Rape robs you of your ability to see innocence.

“Get rid of men and you get rid of rape.”

The sexual exploitation of women by men is the greatest taboo in our society; there is nothing more stigmatized than being a rapist of women. Rape is a call to action; today it’s dressed up in new terms but it still harkens back to that primitive urge to protect female sexuality from foreign interlopers. Modern gynocentrists did not invent rape hysteria; they inherited it and they are using it the way everyone throughout history has—as a tool to grind away at things they don’t like.

For the woman on the street, rape hysteria is shoved down her throat over and over till she vomits it up without thinking, all over herself and her life. It seeps into every interaction, every step she takes into the outer world. ‘Is this man going to rape me? All men are guilty! I’m never safe and it’s their fault!’

That’s where rape hysteria wants all women to be. Frightened, helpless… impotent. Calling upon a higher authority to save them. And, of course, robbing the men around them of their innocence.

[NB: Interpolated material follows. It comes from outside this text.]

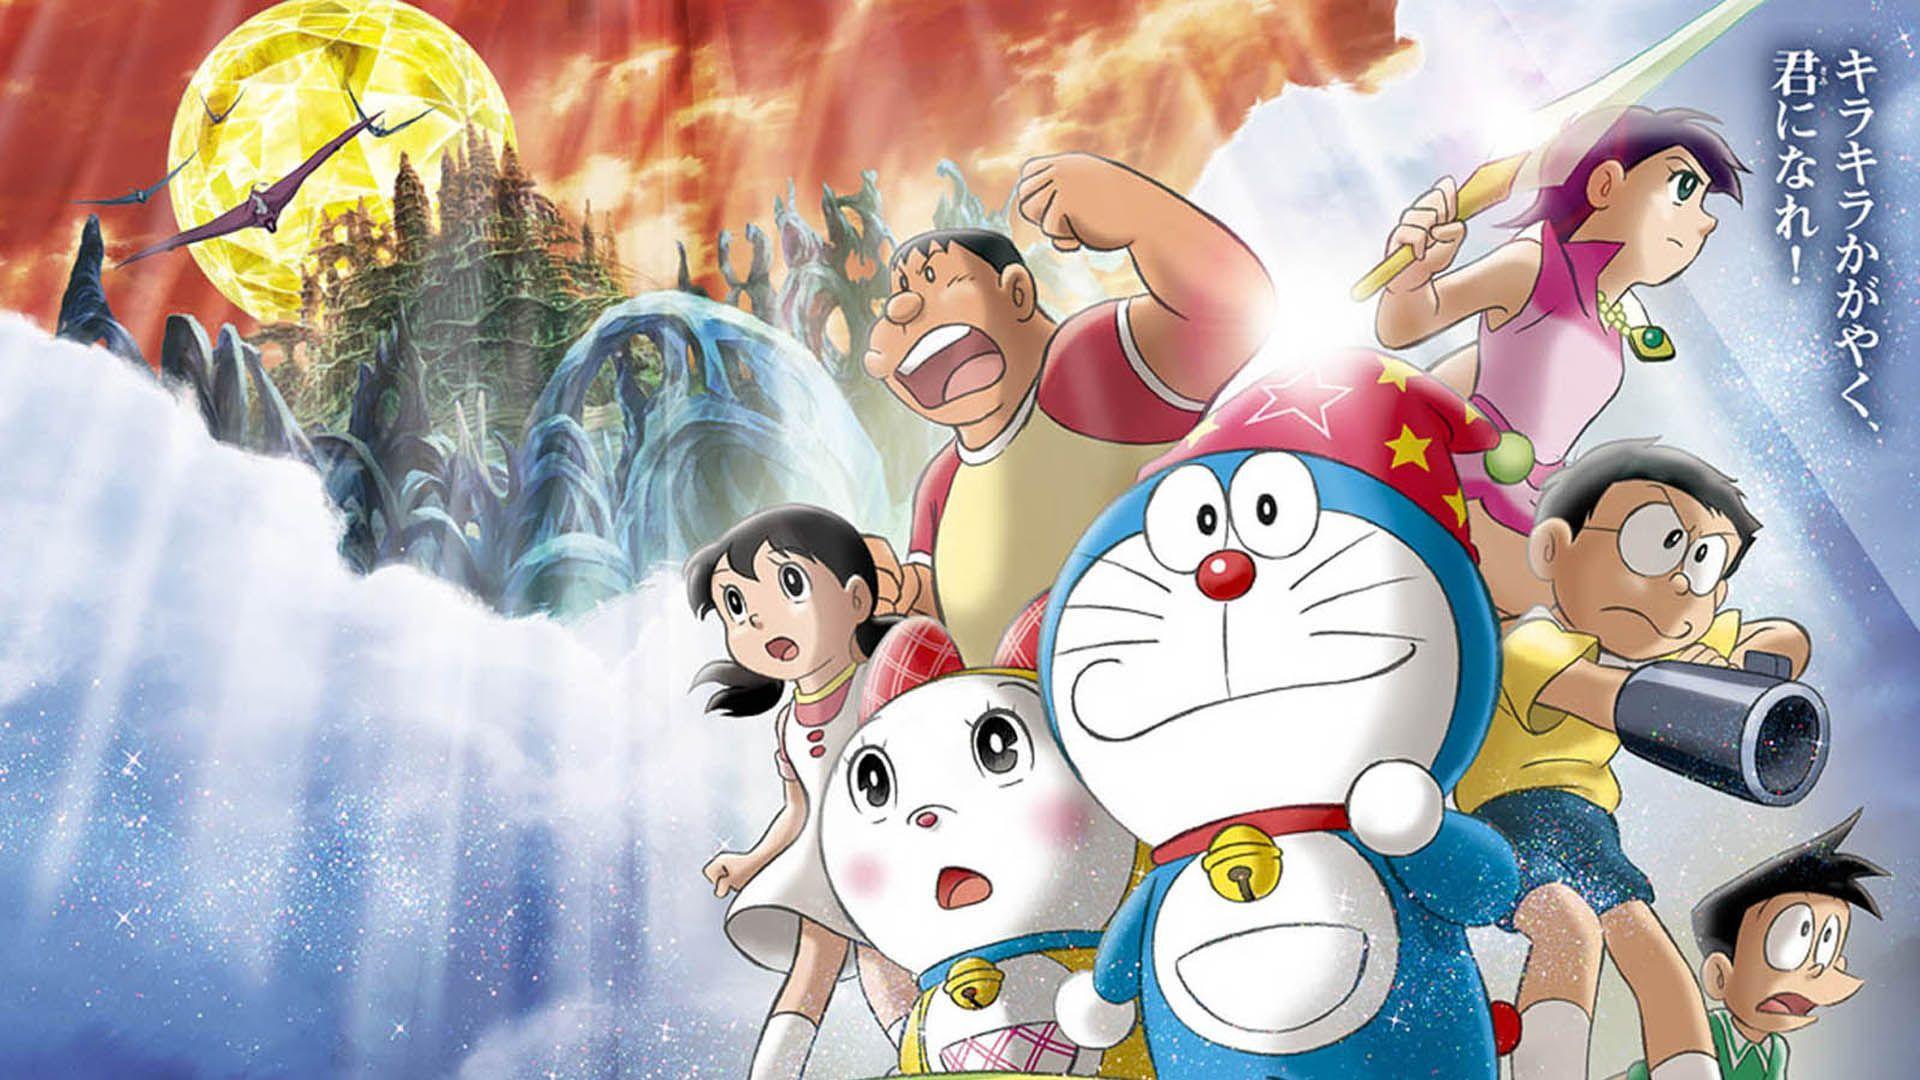 Wallpaper Doraemon Cartoon Photo Free Download Doraemon Backgrounds Pixelstalk Net Doraemon Cartoon In 2020 Doraemon Wallpapers Doraemon Cartoon Cartoon Wallpaper Hd

“All men are responsible for rape culture.”

But rape isn’t something that happens to women; it isn’t something done to women by men. It’s a human problem and it’s a human problem that does not know gender. More men are raped in prison a year than women in the general population. More boys in juvenile facilities are raped than girls. And they are raped by women. There are surveys that show just as many men are raped in romantic relationships—date-raped—as women.

That leaves stranger rape; 26% of all non-institutional rape. It may well be that most stranger-rapists are men; but it does not follow that a vast majority of their victims are women. An argument can be made that men under-report; and studies have shown that rapists who are heterosexual in their consenting relationships will rape based on vulnerability not sex.

Statically women are not more vulnerable to rape.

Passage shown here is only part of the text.